§ **What needs to be done**:
For the listing that follows, give again exactly the lines from the one with "The Most beautiful" to the one with "Gorgeous spices or", including both.

§ **Supplied material**:
====================

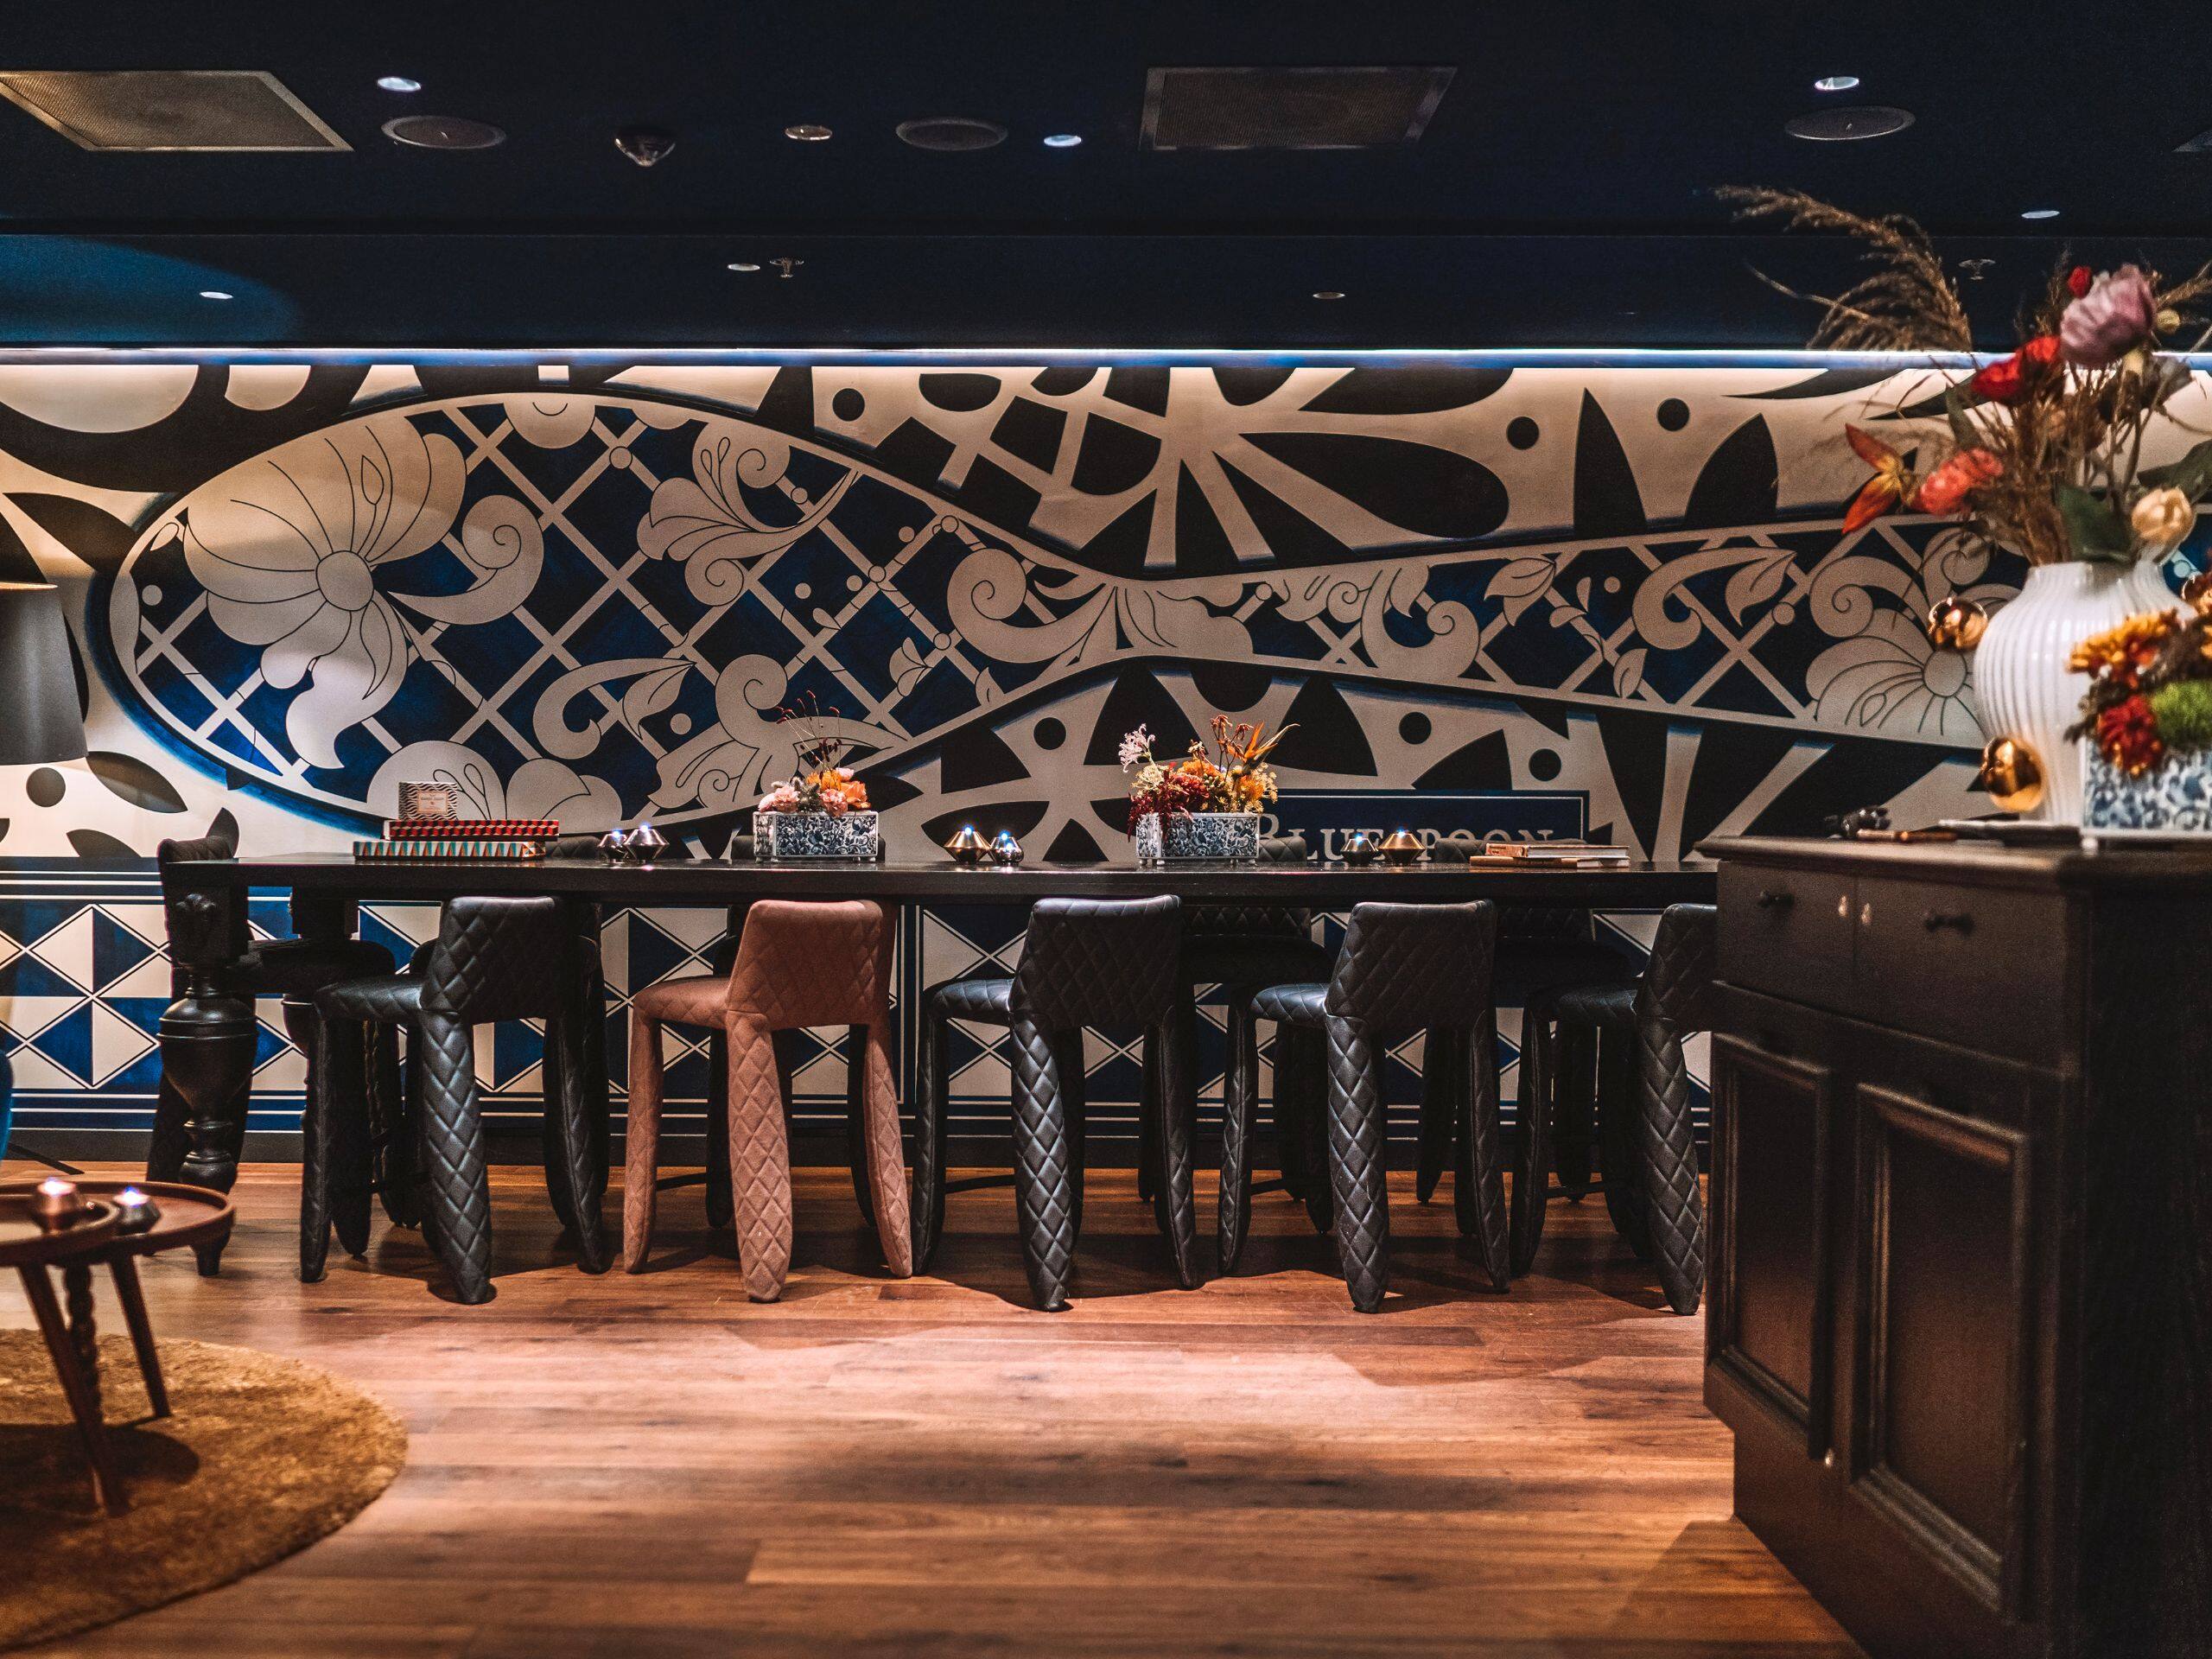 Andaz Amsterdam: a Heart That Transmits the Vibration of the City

====================

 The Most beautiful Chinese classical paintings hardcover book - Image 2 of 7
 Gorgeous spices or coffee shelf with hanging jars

====================

§ **Task response**:
 The Most beautiful Chinese classical paintings hardcover book - Image 2 of 7
 Gorgeous spices or coffee shelf with hanging jars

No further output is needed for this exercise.